_Data for the task_
——

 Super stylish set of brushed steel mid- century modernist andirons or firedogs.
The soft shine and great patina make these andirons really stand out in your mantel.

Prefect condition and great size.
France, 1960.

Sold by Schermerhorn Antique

——

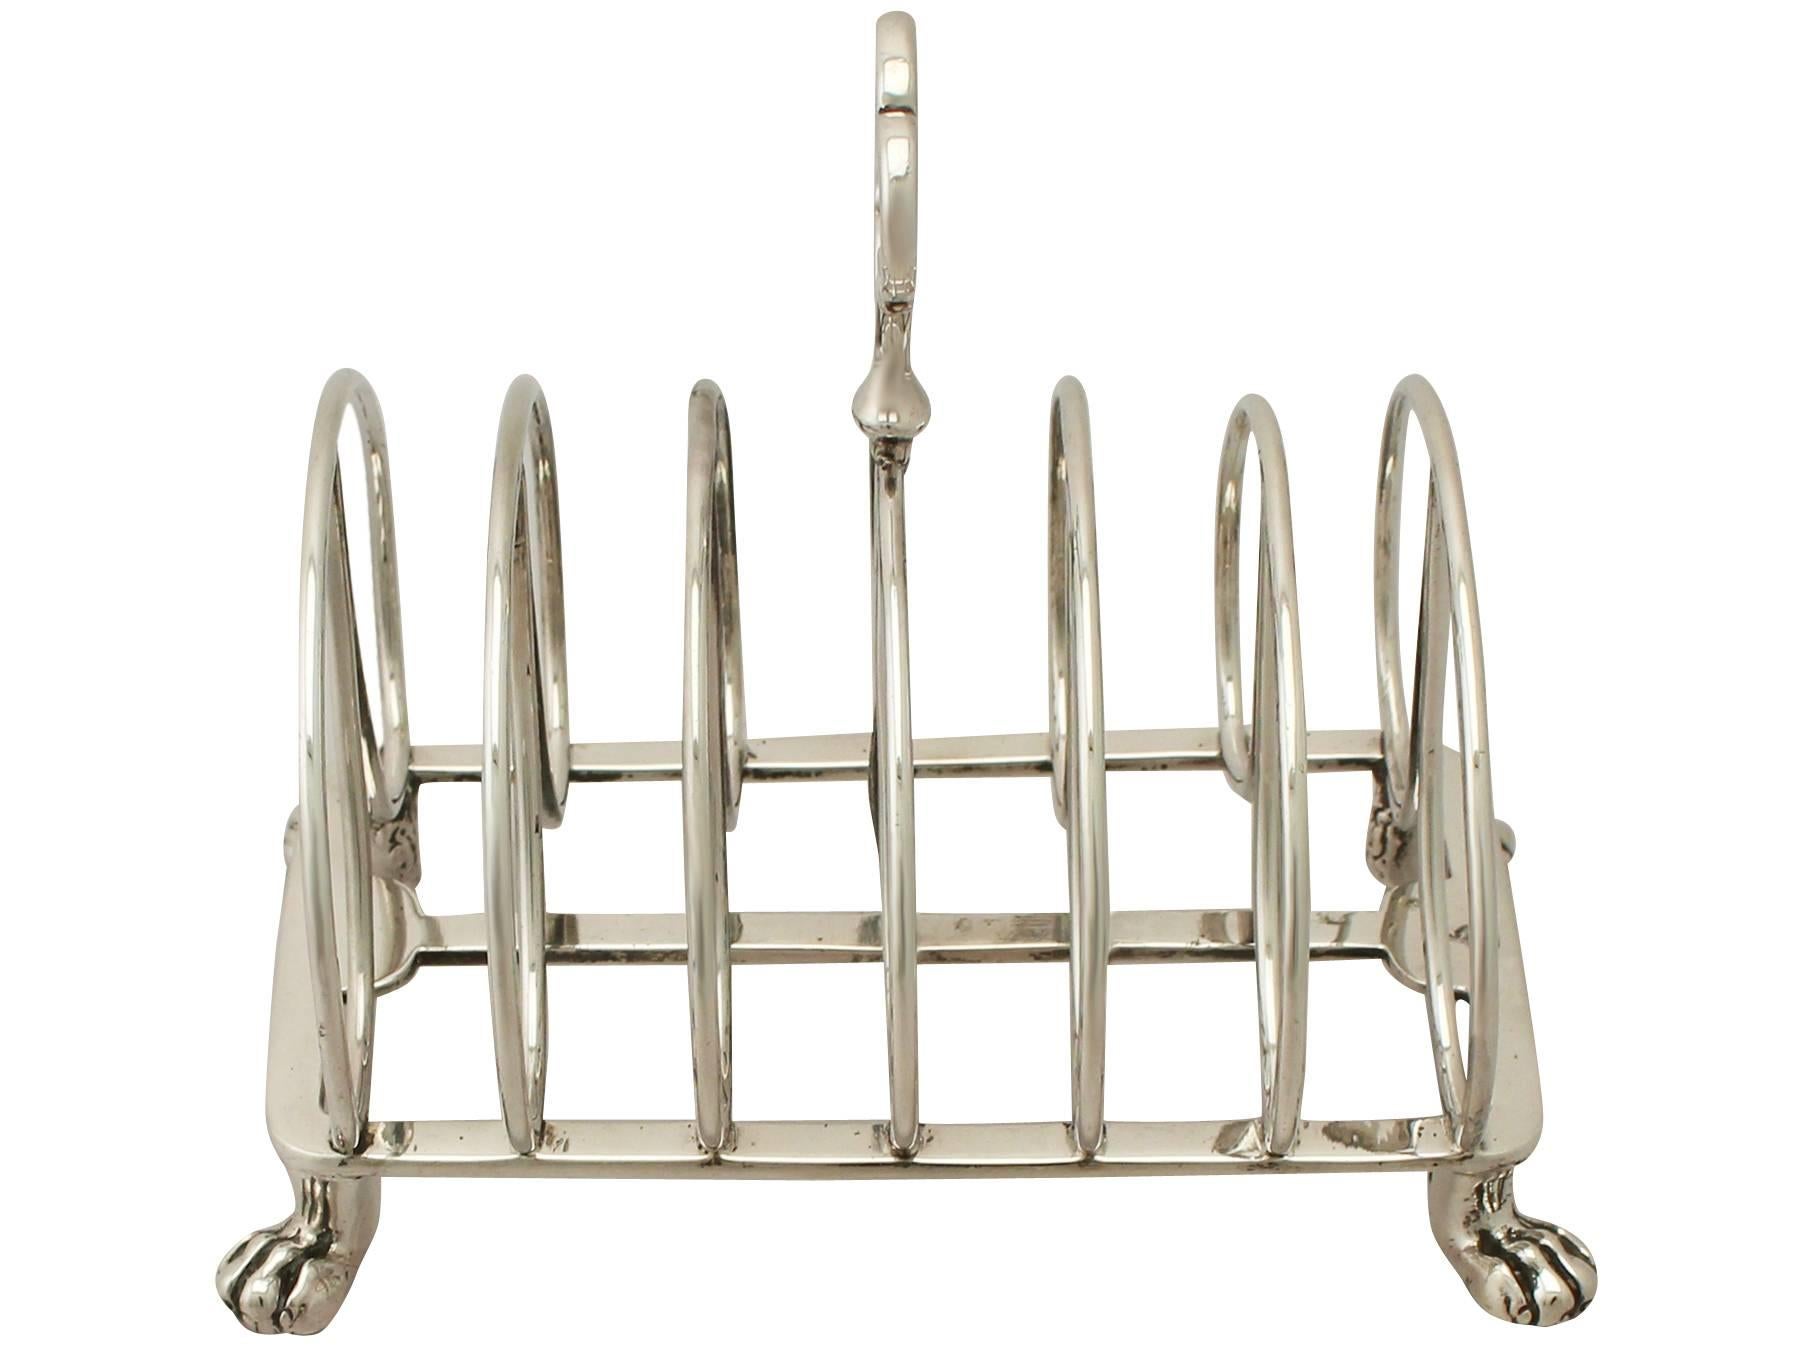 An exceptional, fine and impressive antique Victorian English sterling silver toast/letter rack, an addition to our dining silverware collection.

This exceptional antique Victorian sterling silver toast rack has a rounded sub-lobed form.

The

——

Go through the listing above and copy each line where the string "andirons" appears.

_Expected answer_
 Super stylish set of brushed steel mid- century modernist andirons or firedogs.
The soft shine and great patina make these andirons really stand out in your mantel.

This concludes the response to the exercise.